__Data shown__.

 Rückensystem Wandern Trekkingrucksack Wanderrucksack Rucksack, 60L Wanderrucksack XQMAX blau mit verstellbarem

==

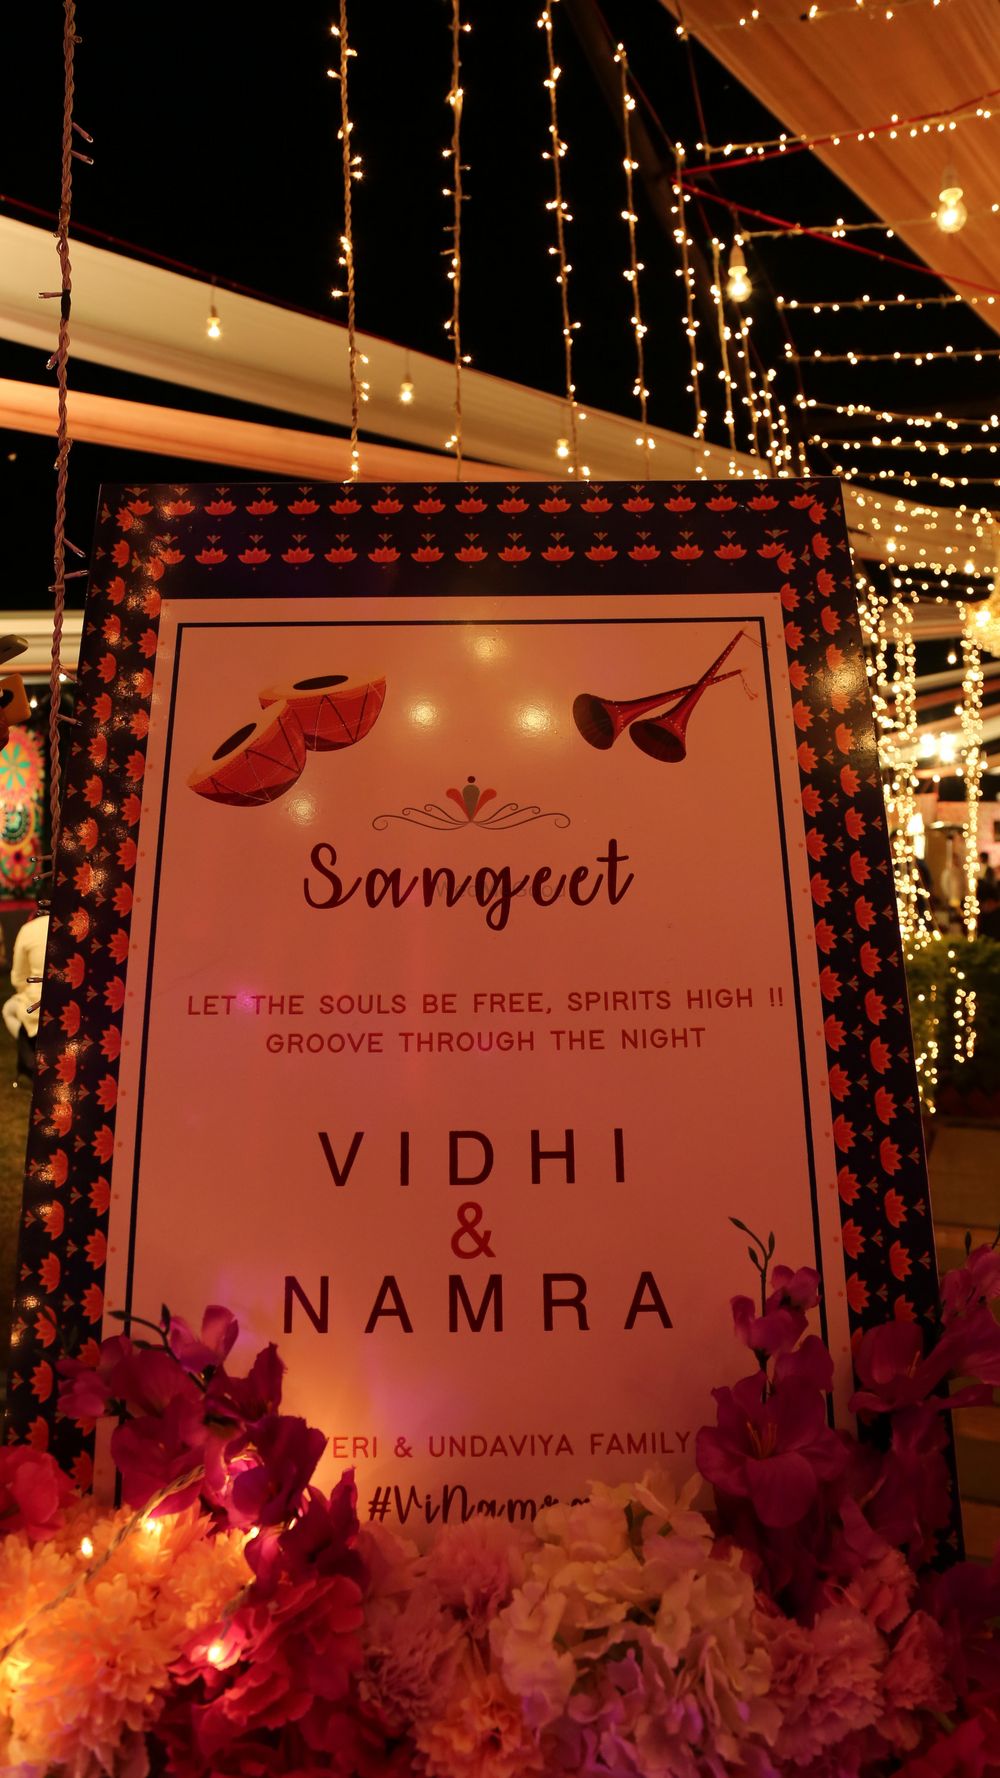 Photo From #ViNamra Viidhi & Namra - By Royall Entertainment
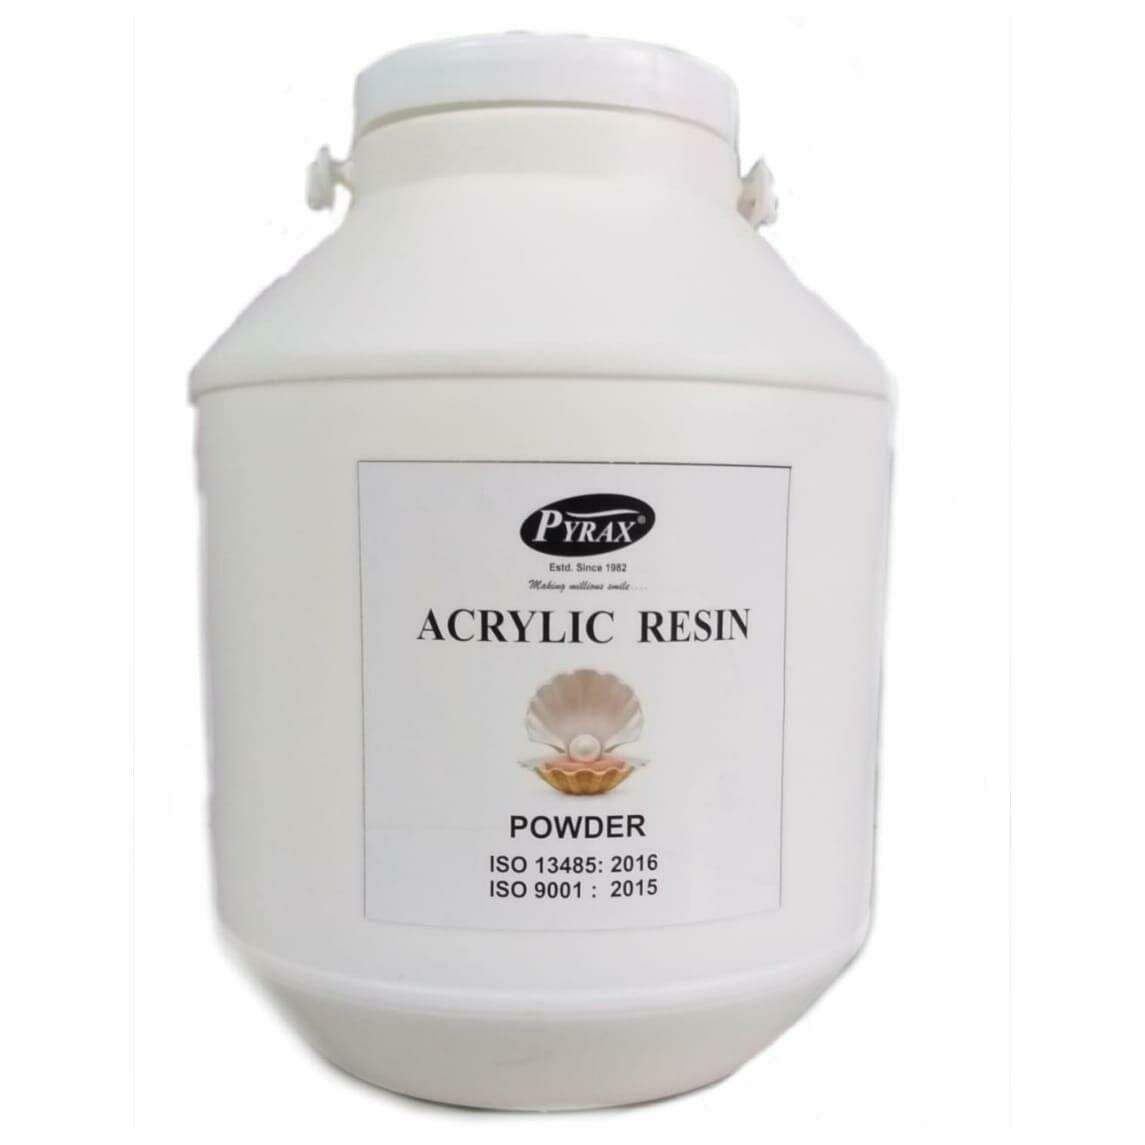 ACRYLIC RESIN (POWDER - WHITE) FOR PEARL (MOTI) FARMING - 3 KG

__Problem to work on__.
Give again the lines of the listing above that run from the one with "Photo From #ViNamra" up to and including the one with "ACRYLIC RESIN (POWDER". Keep them exact and omit the pictures.

__Result of the exercise__.
 Photo From #ViNamra Viidhi & Namra - By Royall Entertainment
 ACRYLIC RESIN (POWDER - WHITE) FOR PEARL (MOTI) FARMING - 3 KG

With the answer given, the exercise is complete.